FORCE_RESPLIT = True  # Set True to delete existing bboxes and re-split (e.g. after schema change)
bbox_dir = Path(BBOX_DIR)
existing = list(bbox_dir.glob("bbox_*.osm.pbf"))
if existing and not FORCE_RESPLIT:
    log.info("Skipping split: %d bbox files already in %s", len(existing), bbox_dir)
else:
    if existing and FORCE_RESPLIT:
        for f in existing:
            f.unlink()
        log.info("Removed %d existing bbox files (FORCE_RESPLIT=True)", len(existing))
    tiles = split_pbf_into_bboxes(PBF_PATH, SPAIN_BBOX, N_BBOX_COLS, N_BBOX_ROWS, out_dir=bbox_dir)
    log.info("Split into %d tiles in %s", len(tiles), bbox_dir.resolve())

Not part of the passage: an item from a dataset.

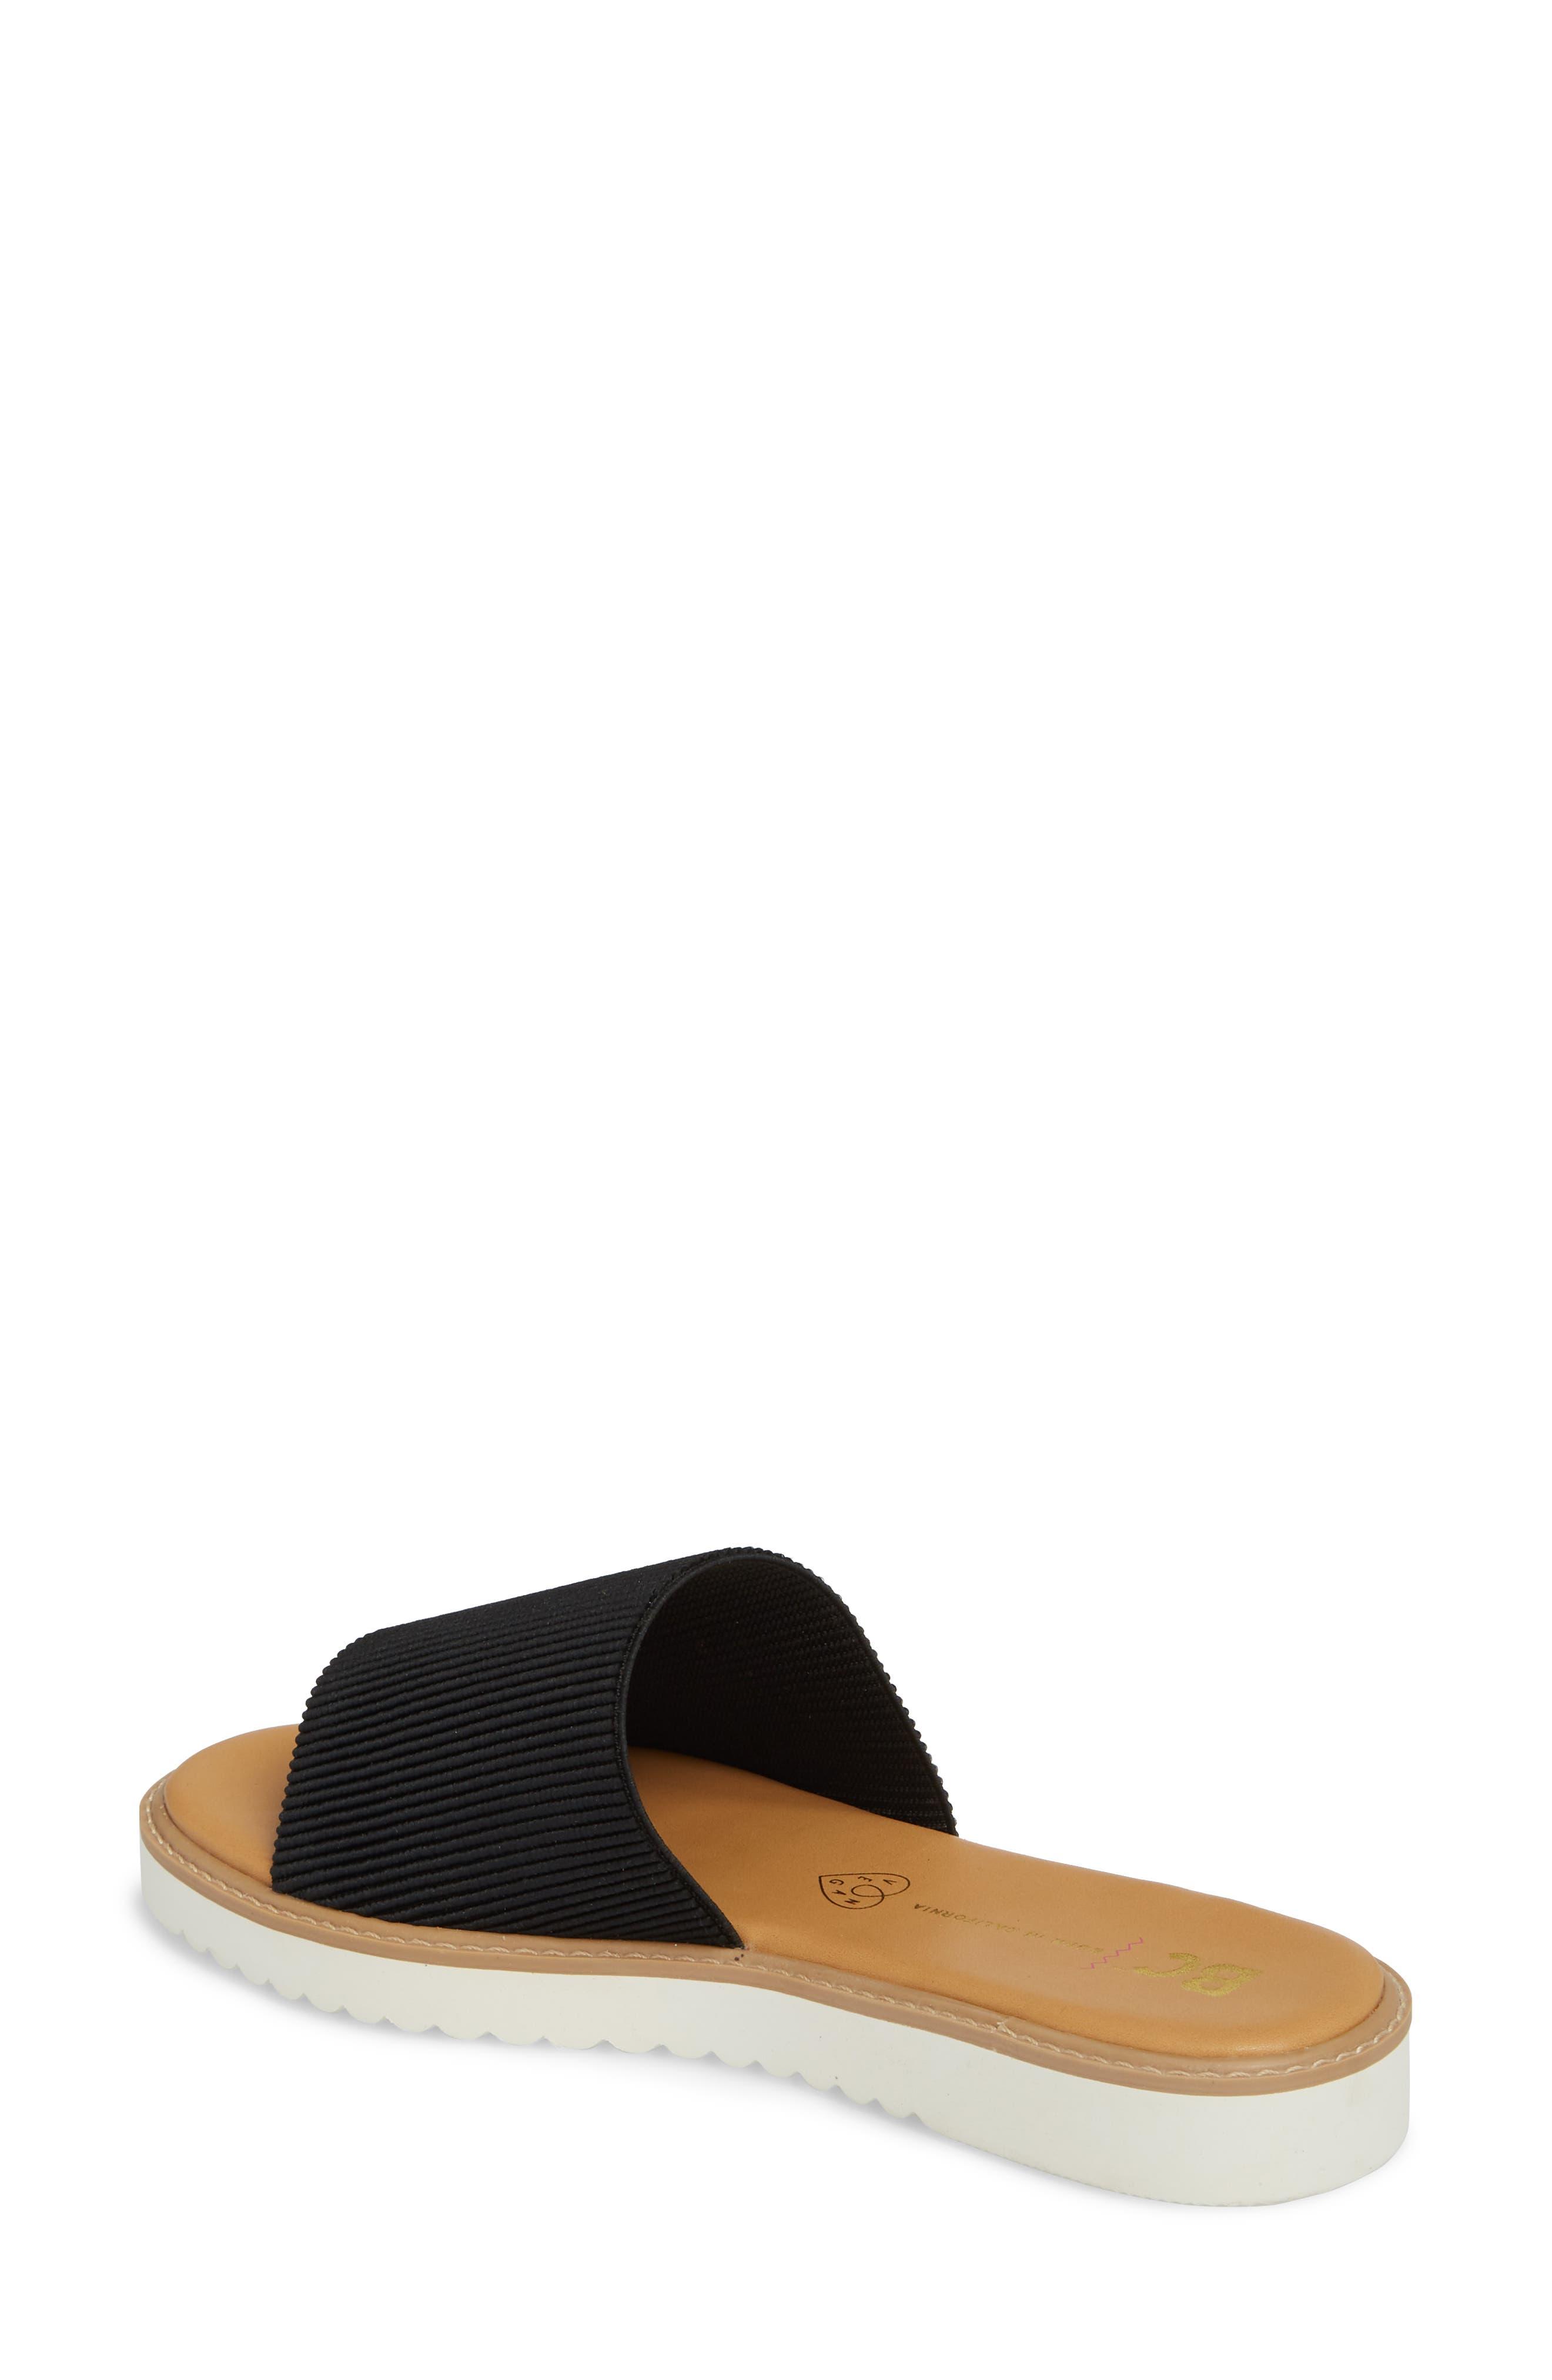 Cotton Candy Slide Sandal,                             Alternate thumbnail 2, color,                             001

22:06:02 [INFO] Removed 11 existing bbox files (FORCE_RESPLIT=True)
22:06:02 [INFO] Extracting bbox 1/20: -9.5,36.0,-6.0,37.5
22:06:10 [INFO] Extracting bbox 2/20: -6.0,36.0,-2.5,37.5
22:06:18 [INFO] Extracting bbox 3/20: -2.5,36.0,1.0,37.5
22:06:25 [INFO] Extracting bbox 4/20: 1.0,36.0,4.5,37.5
22:06:29 [INFO] Extracting bbox 5/20: -9.5,37.5,-6.0,39.0
22:06:35 [INFO] Extracting bbox 6/20: -6.0,37.5,-2.5,39.0
22:06:41 [INFO] Extracting bbox 7/20: -2.5,37.5,1.0,39.0
22:06:49 [INFO] Extracting bbox 8/20: 1.0,37.5,4.5,39.0
22:06:54 [INFO] Extracting bbox 9/20: -9.5,39.0,-6.0,40.5
22:06:59 [INFO] Extracting bbox 10/20: -6.0,39.0,-2.5,40.5
22:07:06 [INFO] Extracting bbox 11/20: -2.5,39.0,1.0,40.5
22:07:13 [INFO] Extracting bbox 12/20: 1.0,39.0,4.5,40.5
22:07:19 [INFO] Extracting bbox 13/20: -9.5,40.5,-6.0,42.0
22:07:25 [INFO] Extracting bbox 14/20: -6.0,40.5,-2.5,42.0
22:07:32 [INFO] Extracting bbox 15/20: -2.5,40.5,1.0,42.0
22:07:40 [INFO] Extracting bbox 16/20: 1.0,40.5,4.5,42.0
22:07:48 

## Step 2: Process bboxes → write to S3 (resumable)

Reads from `BBOX_DIR`. On resume: loads part_counter from S3, processes only remaining bbox files, deletes each after success.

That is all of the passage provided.